INSTRUCTIONS TO FOLLOW:
Could you write out each of the records below exactly?

--- --- ---

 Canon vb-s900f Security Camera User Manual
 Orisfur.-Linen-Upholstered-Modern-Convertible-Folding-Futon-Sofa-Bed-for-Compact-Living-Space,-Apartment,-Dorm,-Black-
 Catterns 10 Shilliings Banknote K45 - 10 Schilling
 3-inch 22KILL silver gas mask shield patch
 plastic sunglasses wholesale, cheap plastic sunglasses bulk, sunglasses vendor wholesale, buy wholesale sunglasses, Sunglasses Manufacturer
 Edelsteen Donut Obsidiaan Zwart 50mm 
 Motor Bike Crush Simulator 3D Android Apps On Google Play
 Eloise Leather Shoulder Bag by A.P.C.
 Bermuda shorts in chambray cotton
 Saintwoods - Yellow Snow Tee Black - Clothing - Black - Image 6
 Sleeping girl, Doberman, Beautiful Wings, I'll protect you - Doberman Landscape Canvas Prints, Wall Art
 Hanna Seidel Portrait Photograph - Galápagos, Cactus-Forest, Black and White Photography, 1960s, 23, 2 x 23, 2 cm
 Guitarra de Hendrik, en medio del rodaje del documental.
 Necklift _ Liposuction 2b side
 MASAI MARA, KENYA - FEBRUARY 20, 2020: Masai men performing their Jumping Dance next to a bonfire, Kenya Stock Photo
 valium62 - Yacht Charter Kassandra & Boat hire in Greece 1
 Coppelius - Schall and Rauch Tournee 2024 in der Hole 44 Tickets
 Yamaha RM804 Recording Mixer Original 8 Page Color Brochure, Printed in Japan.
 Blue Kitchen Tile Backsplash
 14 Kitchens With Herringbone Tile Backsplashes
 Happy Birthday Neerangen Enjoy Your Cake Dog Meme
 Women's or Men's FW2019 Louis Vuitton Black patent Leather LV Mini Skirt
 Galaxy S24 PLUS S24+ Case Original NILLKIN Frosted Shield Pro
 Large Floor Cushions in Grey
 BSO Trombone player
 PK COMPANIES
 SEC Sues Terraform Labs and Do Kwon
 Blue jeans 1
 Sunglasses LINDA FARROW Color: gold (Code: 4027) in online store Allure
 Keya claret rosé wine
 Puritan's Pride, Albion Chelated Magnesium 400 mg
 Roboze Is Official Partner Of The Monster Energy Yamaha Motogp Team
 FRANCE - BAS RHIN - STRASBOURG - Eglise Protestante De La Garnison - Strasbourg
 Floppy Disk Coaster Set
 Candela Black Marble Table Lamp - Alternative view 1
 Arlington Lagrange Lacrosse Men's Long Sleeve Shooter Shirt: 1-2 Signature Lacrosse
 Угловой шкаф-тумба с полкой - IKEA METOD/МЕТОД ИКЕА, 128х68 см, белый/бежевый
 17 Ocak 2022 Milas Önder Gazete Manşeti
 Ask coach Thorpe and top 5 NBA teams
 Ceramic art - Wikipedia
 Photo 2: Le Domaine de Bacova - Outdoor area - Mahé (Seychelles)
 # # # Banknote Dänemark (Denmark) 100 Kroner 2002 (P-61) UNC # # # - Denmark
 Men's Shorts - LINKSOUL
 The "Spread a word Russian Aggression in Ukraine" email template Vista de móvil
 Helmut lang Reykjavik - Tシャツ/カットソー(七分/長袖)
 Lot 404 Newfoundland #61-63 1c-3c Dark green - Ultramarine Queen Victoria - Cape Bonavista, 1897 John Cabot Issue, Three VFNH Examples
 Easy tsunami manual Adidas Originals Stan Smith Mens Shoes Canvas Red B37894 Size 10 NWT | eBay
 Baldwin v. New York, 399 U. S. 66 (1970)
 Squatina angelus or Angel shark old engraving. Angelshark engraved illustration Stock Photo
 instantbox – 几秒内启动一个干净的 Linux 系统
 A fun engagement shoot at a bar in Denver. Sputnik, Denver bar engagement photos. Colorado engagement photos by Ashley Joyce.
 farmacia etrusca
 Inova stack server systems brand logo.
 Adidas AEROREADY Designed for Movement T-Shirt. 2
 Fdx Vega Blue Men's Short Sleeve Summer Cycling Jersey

--- --- ---

EXERCISE OUTPUT:
 Canon vb-s900f Security Camera User Manual
 Orisfur.-Linen-Upholstered-Modern-Convertible-Folding-Futon-Sofa-Bed-for-Compact-Living-Space,-Apartment,-Dorm,-Black-
 Catterns 10 Shilliings Banknote K45 - 10 Schilling
 3-inch 22KILL silver gas mask shield patch
 plastic sunglasses wholesale, cheap plastic sunglasses bulk, sunglasses vendor wholesale, buy wholesale sunglasses, Sunglasses Manufacturer
 Edelsteen Donut Obsidiaan Zwart 50mm 
 Motor Bike Crush Simulator 3D Android Apps On Google Play
 Eloise Leather Shoulder Bag by A.P.C.
 Bermuda shorts in chambray cotton
 Saintwoods - Yellow Snow Tee Black - Clothing - Black - Image 6
 Sleeping girl, Doberman, Beautiful Wings, I'll protect you - Doberman Landscape Canvas Prints, Wall Art
 Hanna Seidel Portrait Photograph - Galápagos, Cactus-Forest, Black and White Photography, 1960s, 23, 2 x 23, 2 cm
 Guitarra de Hendrik, en medio del rodaje del documental.
 Necklift _ Liposuction 2b side
 MASAI MARA, KENYA - FEBRUARY 20, 2020: Masai men performing their Jumping Dance next to a bonfire, Kenya Stock Photo
 valium62 - Yacht Charter Kassandra & Boat hire in Greece 1
 Coppelius - Schall and Rauch Tournee 2024 in der Hole 44 Tickets
 Yamaha RM804 Recording Mixer Original 8 Page Color Brochure, Printed in Japan.
 Blue Kitchen Tile Backsplash
 14 Kitchens With Herringbone Tile Backsplashes
 Happy Birthday Neerangen Enjoy Your Cake Dog Meme
 Women's or Men's FW2019 Louis Vuitton Black patent Leather LV Mini Skirt
 Galaxy S24 PLUS S24+ Case Original NILLKIN Frosted Shield Pro
 Large Floor Cushions in Grey
 BSO Trombone player
 PK COMPANIES
 SEC Sues Terraform Labs and Do Kwon
 Blue jeans 1
 Sunglasses LINDA FARROW Color: gold (Code: 4027) in online store Allure
 Keya claret rosé wine
 Puritan's Pride, Albion Chelated Magnesium 400 mg
 Roboze Is Official Partner Of The Monster Energy Yamaha Motogp Team
 FRANCE - BAS RHIN - STRASBOURG - Eglise Protestante De La Garnison - Strasbourg
 Floppy Disk Coaster Set
 Candela Black Marble Table Lamp - Alternative view 1
 Arlington Lagrange Lacrosse Men's Long Sleeve Shooter Shirt: 1-2 Signature Lacrosse
 Угловой шкаф-тумба с полкой - IKEA METOD/МЕТОД ИКЕА, 128х68 см, белый/бежевый
 17 Ocak 2022 Milas Önder Gazete Manşeti
 Ask coach Thorpe and top 5 NBA teams
 Ceramic art - Wikipedia
 Photo 2: Le Domaine de Bacova - Outdoor area - Mahé (Seychelles)
 # # # Banknote Dänemark (Denmark) 100 Kroner 2002 (P-61) UNC # # # - Denmark
 Men's Shorts - LINKSOUL
 The "Spread a word Russian Aggression in Ukraine" email template Vista de móvil
 Helmut lang Reykjavik - Tシャツ/カットソー(七分/長袖)
 Lot 404 Newfoundland #61-63 1c-3c Dark green - Ultramarine Queen Victoria - Cape Bonavista, 1897 John Cabot Issue, Three VFNH Examples
 Easy tsunami manual Adidas Originals Stan Smith Mens Shoes Canvas Red B37894 Size 10 NWT | eBay
 Baldwin v. New York, 399 U. S. 66 (1970)
 Squatina angelus or Angel shark old engraving. Angelshark engraved illustration Stock Photo
 instantbox – 几秒内启动一个干净的 Linux 系统
 A fun engagement shoot at a bar in Denver. Sputnik, Denver bar engagement photos. Colorado engagement photos by Ashley Joyce.
 farmacia etrusca
 Inova stack server systems brand logo.
 Adidas AEROREADY Designed for Movement T-Shirt. 2
 Fdx Vega Blue Men's Short Sleeve Summer Cycling Jersey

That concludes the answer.